Filter by chromosome and/or position

The --regions flag takes input chromosome and/or position coordinates to filter the .vcf.

If we wanted to restrict to chromosome 5:

bcftools view --regions 5 NA20536.vcf.gz 
CHROM POS ID REF ALT QUAL FILTER INFO FORMAT NA20536
5 40417 esv3603720;esv3603721 G , 100 PASS AC=0,0;AF=0.000199681,0.000798722;AN=2;CS=DUP_uwash;END=176437;NS=2504;SVTYPE=CNV;DP=16231;EAS_AF=0,0;AMR_AF=0,0;AFR_AF=0,0;EUR_AF=0,0.003;SAS_AF=0.001,0.001;VT=SV;EX_TARGET GT 0|0
5 124186 esv3603731 T 100 PASS AC=0;AF=0.000199681;AN=2;CS=DUP_gs;END=163795;NS=2504;SVTYPE=DUP;DP=19153;EAS_AF=0;AMR_AF=0;AFR_AF=0;EUR_AF=0.001;SAS_AF=0;VT=SV;EX_TARGET GT 0|0
5 143490 rs142208662 C T 100 PASS AC=0;AF=0.00279553;AN=2;NS=2504;DP=19664;EAS_AF=0;AMR_AF=0.0014;AFR_AF=0.0098;EUR_AF=0;SAS_AF=0;AA=c|||;VT=SNP;EX_TARGET GT 0|0
5 151721 rs148716910 G A 100 PASS AC=0;AF=0.00279553;AN=2;NS=2504;DP=18789;EAS_AF=0;AMR_AF=0.0014;AFR_AF=0.0098;EUR_AF=0;SAS_AF=0;AA=G|||;VT=SNP;EX_TARGET GT 0|0
5 156288 rs193920840 C T 100 PASS AC=0;AF=0.000199681;AN=2;NS=2504;DP=17617;EAS_AF=0;AMR_AF=0;AFR_AF=0;EUR_AF=0;SAS_AF=0.001;AA=C|||;VT=SNP;EX_TARGET GT 0|0
5 162045 rs568109142 G A 100 PASS AC=0;AF=0.000199681;AN=2;NS=2504;DP=15391;EAS_AF=0.001;AMR_AF=0;AFR_AF=0;EUR_AF=0;SAS_AF=0;AA=G|||;VT=SNP;EX_TARGET GT 0|0
. . . . . . . . . .

And if we were interested in a specific region (let’s say chromosome 10, anywhere between positions 800000:900000):

bcftools view --regions 10:800000-900000 NA20536.clinvar.vcf.gz
CHROM POS ID REF ALT QUAL FILTER INFO FORMAT NA20536
10 859076 rs144565605 T C 100 PASS AC=0;AF=0.000199681;AN=2;NS=2504;DP=15608;EAS_AF=0;AMR_AF=0;AFR_AF=0.0008;EUR_AF=0;SAS_AF=0;AA=T|||;VT=SNP;EX_TARGET GT 0|0
10 860990 rs144883024 G A 100 PASS AC=0;AF=0.00259585;AN=2;NS=2504;DP=18990;EAS_AF=0;AMR_AF=0.0014;AFR_AF=0.0091;EUR_AF=0;SAS_AF=0;AA=G|||;VT=SNP;EX_TARGET GT 0|0
10 871816 rs79707128 T A 100 PASS AC=0;AF=0.0211661;AN=2;NS=2504;DP=21039;EAS_AF=0;AMR_AF=0.0058;AFR_AF=0.0703;EUR_AF=0;SAS_AF=0.0092;AA=T|||;VT=SNP;EX_TARGET GT 0|0

Format translated genotype output

bcftools query will output contents of the .vcf in text format.
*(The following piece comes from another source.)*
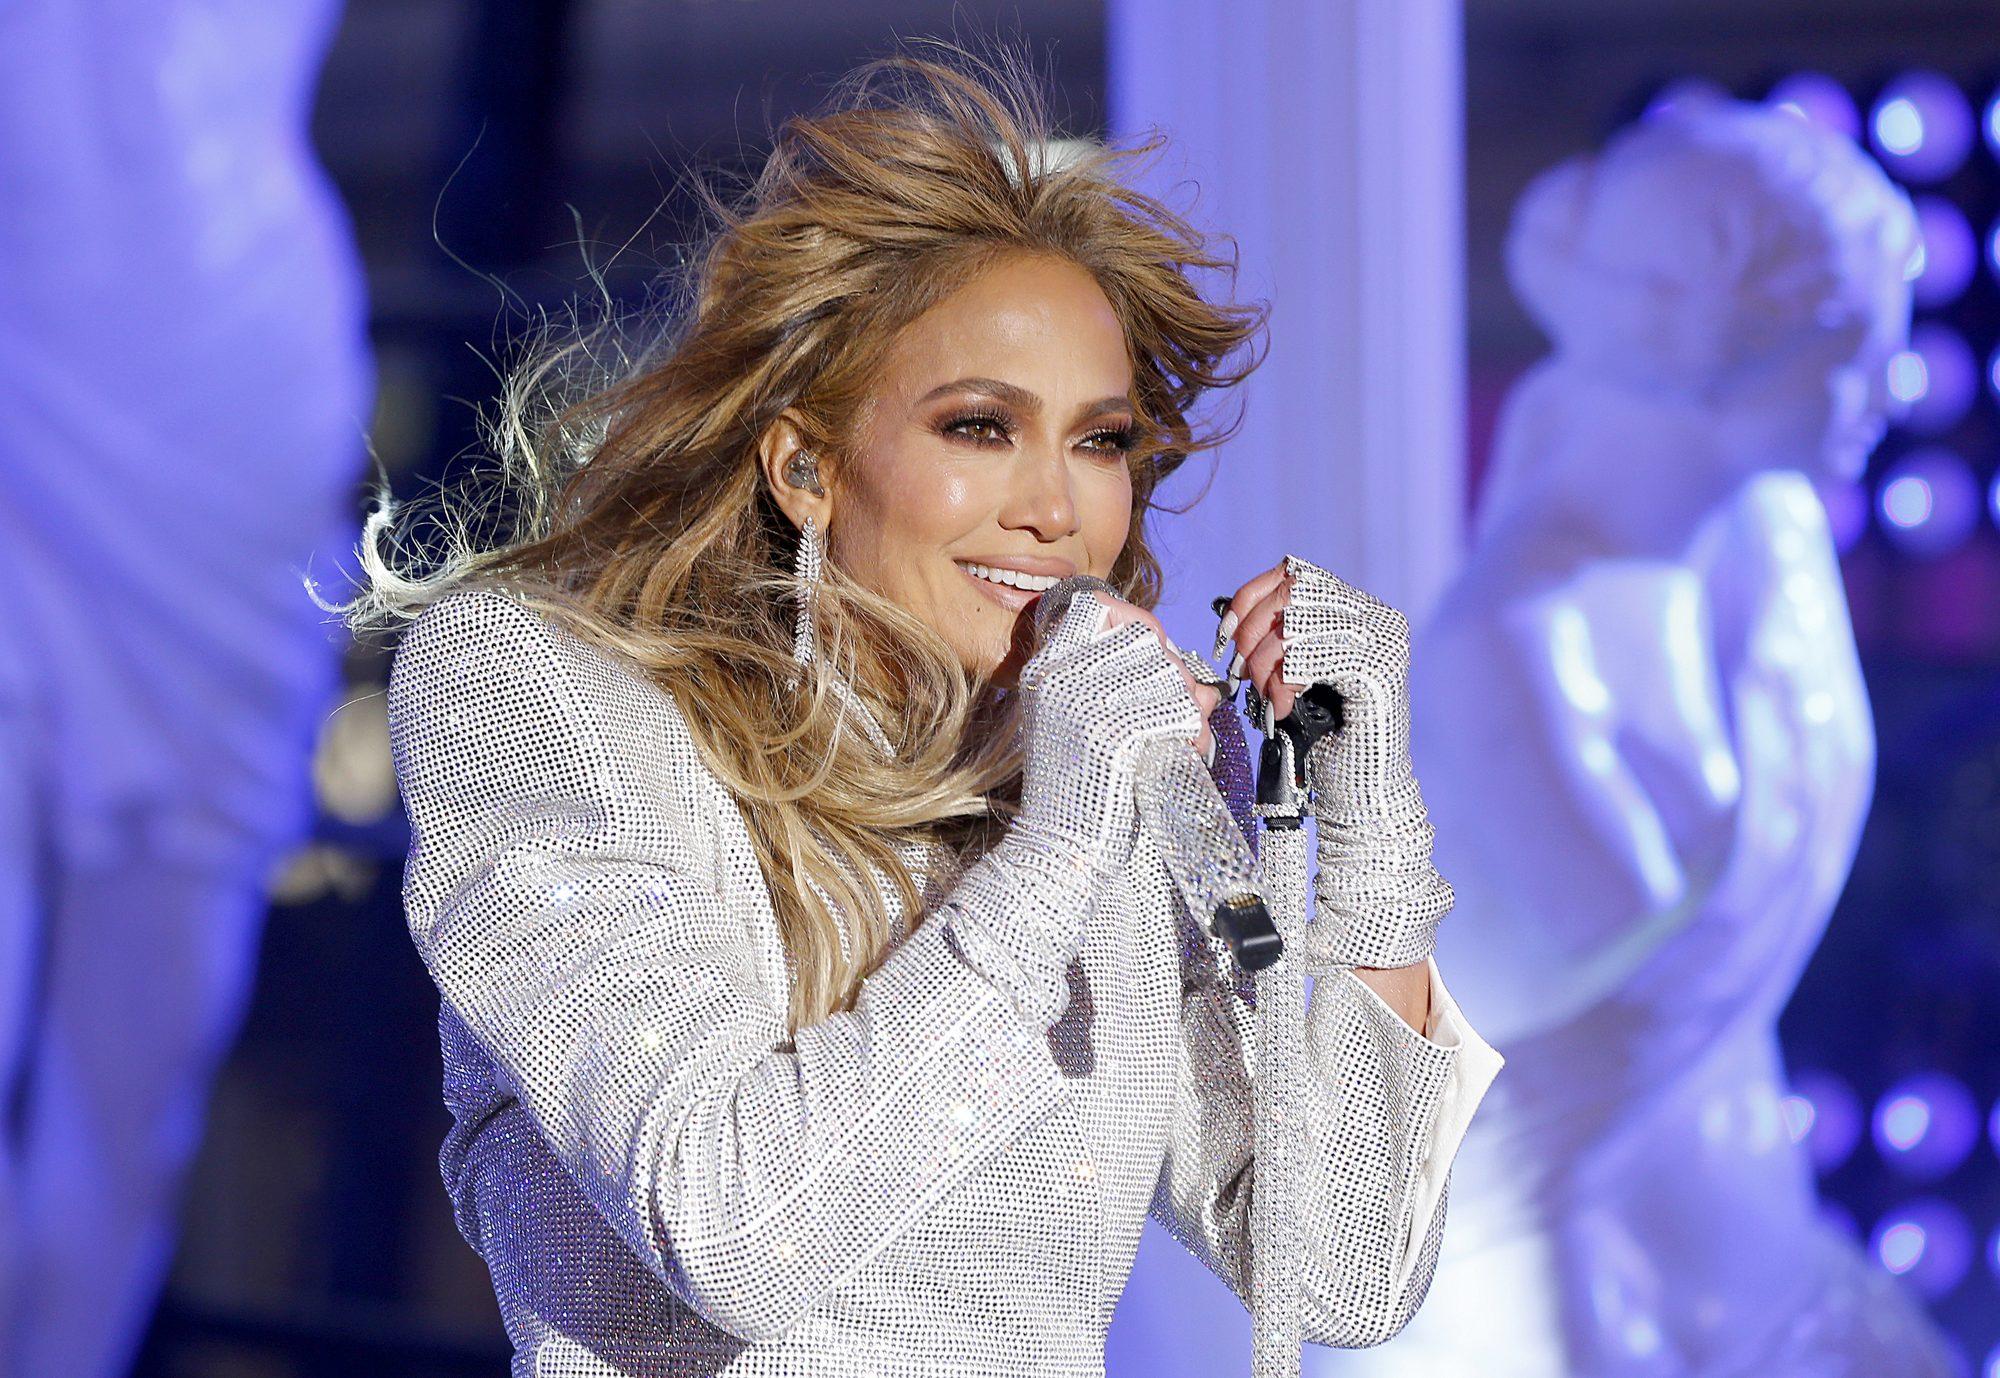 Jennifer Lopez con cabello corto, corte pixie, portada revista Allure, celebracion fin de año, Time Squares, new York

The contents can be specified in a string that includes fields to extract, separators, and line endings.

In this scenario, we’ll pull out the ID (RSID), chromosome, position, a translated genotype, and the “type” (SNP, INDEL, etc.) in tab-separated format:

bcftools query -f "%ID\t%CHROM\t%POS[\t%TGT]\t%TYPE\n" NA20536.clinvar.vcf.gz
ID CHROM POS GT TYPE
rs41285790 1 865628 G|G SNP
rs113383096 1 879481 G|G SNP
rs112433394 1 880944 G|G SNP
rs113226136 1 887409 G|G SNP
rs112966263 1 887989 A|A SNP
rs58931985 1 889450 C|C SNP
. . . . .

Merge vcf files together

bcftools merge will combine data from multiple files.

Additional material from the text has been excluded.